Using Images from an Index#

Alternatively, you can build images in a task (even outside of your project) and upload the image as an artifact. Then tasks can reference this “image builder” task by an index like so:

      indexed: "myproject.cache.level-3.docker.v2.custom.latest"

This will automatically download and use the public/image.tar.zst artifact from the task pointed to by the specified index.

Using In-Project Images#

The last method of using docker images is to build the image using a task within the project.
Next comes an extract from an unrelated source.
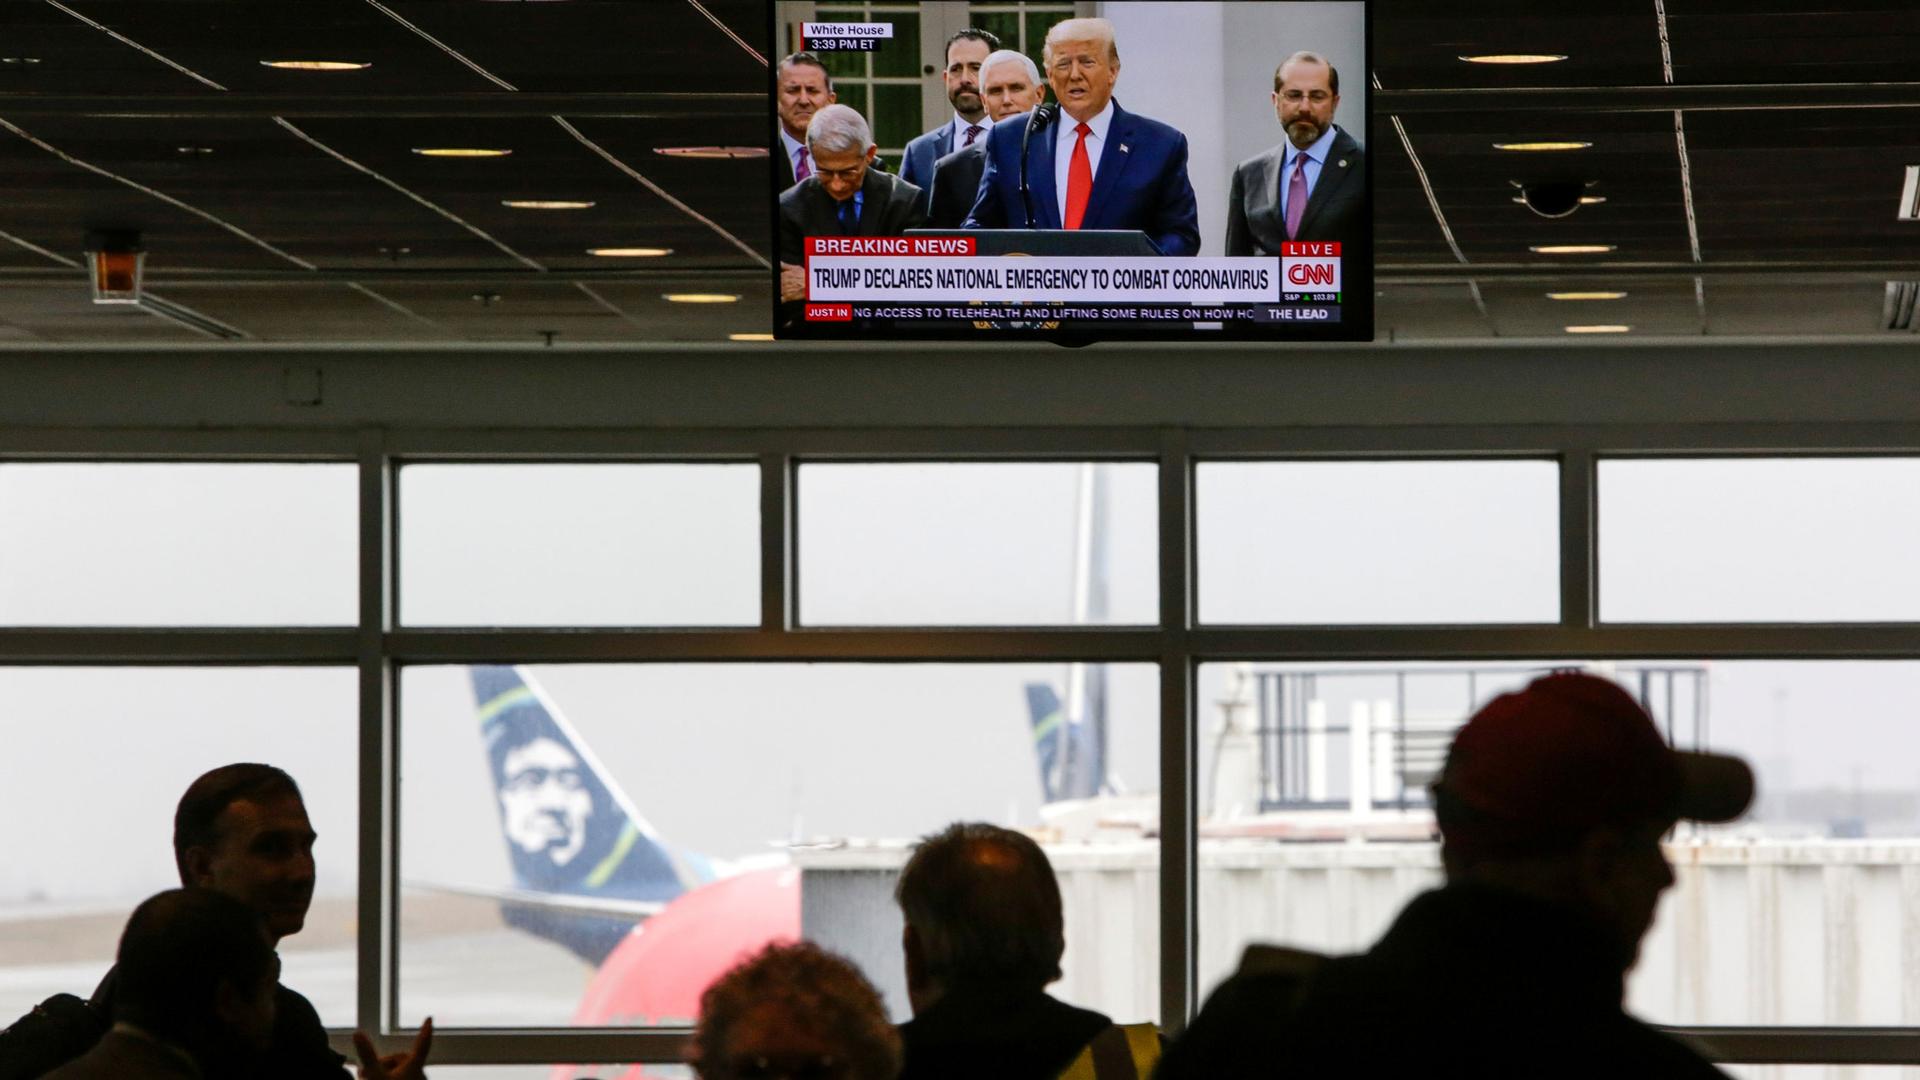 A television is shown hanging from the ceiling with US President Donald Trump displayed while several people are in shadow below.

This has some very powerful benefits:

  1. Images are in the same repository, so they can be modified in the same commit as the code that depends on those modifications.

  2. Images are built once and then cached until modified, reducing latency.

  3. No need to worry about versioning or publishing (e.g to DockerHub or an index).

  4. No reliance on an external service (e.g DockerHub).

  5. Changes to images can easily be rolled back.

For these reasons, using in-project images is the recommended way to go if you need custom images (and sometimes even if you don’t).

The task definition is just as simple as the other two methods:

      in-tree: "custom"

This tells your task to use the in-project image called “custom”.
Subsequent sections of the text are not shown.